От сельских новостей Будкину вроде сразу стало жарко и приятно. Он снял фуражку, сбросил на лавку пальто, сложил, чтобы не мялось, остался в гимнастерке, как в блузе, без погон и наград, подпоясанной узким ремешком, свежевыстиранной, с костяными мирными пуговицами, — не солдат и не мужик, обыкновенный мастеровой человек. Усмешка открытая, прическа городская, на лоб красивым крылышком, разговор охотный, быстрый, понятный, — все знает, обо всем может пояснить, без утайки и выдумки. А чего не знает, так и отвечает: «Не ведаю, братцы… А сами-то вы как думаете?»
У него заметные ухватки «оратора», но не такого, как приезжал недавно в село из уезда, социалист-революционер, рядился под бедного мужичка, а стоял горой за богатых.

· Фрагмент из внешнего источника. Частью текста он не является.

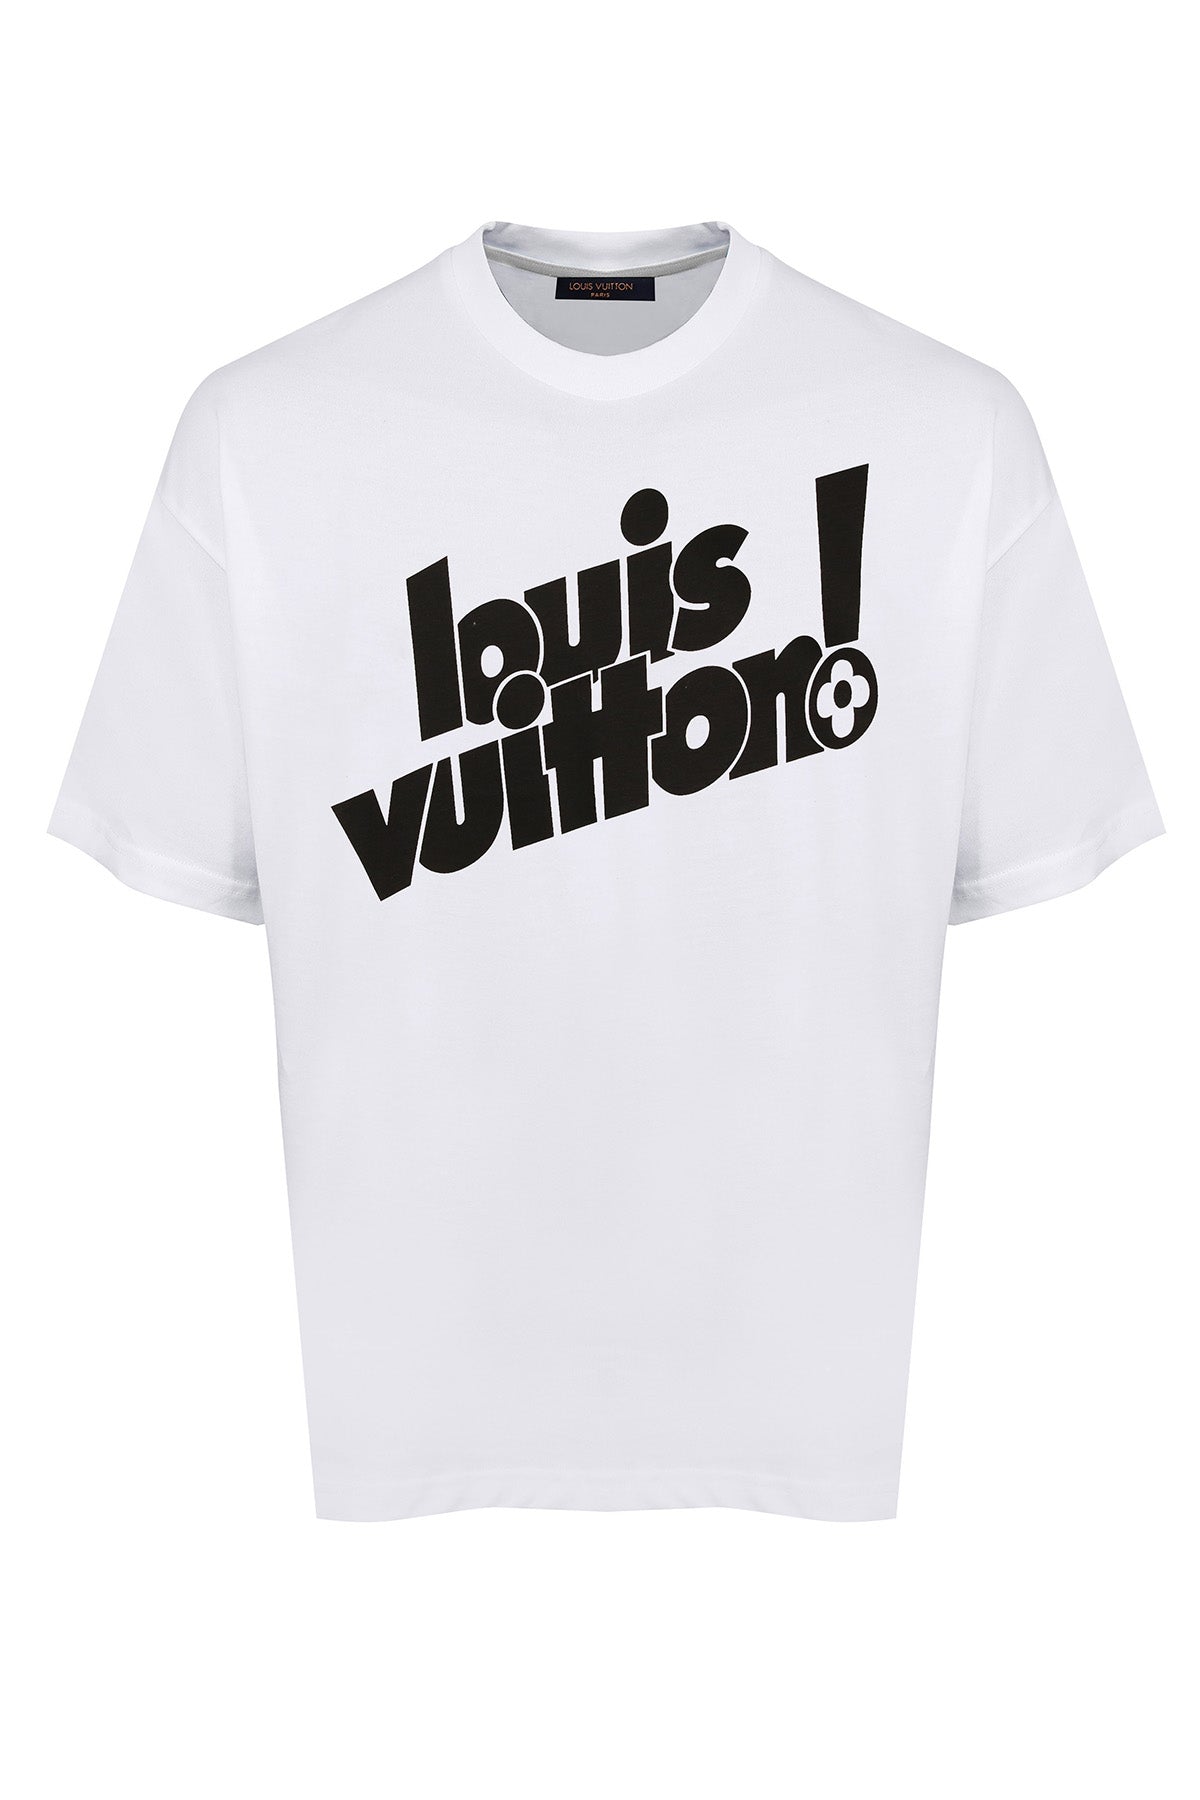 Louis Vuitton Luxury Logo 3D TShirt Limited Edition

Будкин же был просто Будкиным, как бы питерщиком, своим человеком, вроде починовского Крайнова, да еще к тому же, как дядя Родя, большаком. По всему этому и особенно еще потому, что он заметно обращался с мужиками, как с сотоварищами по революции, такими же большаками, что многим польстило, Будкин Павел Алексеич и его вахрамеевская полукрупка пришлись всем по душе и сердцу.
Он насмешил народ, рассказывая и уморительно показывая, как в Ильинской волости, на сходе, сердитые мужики тащили его за рукава прочь от стола, не позволяли слова сказать, когда узнали, что он из большевиков, все партии ругмя-ругает, окромя своей, и призывает бог знает к чему неслыханному, невозможному.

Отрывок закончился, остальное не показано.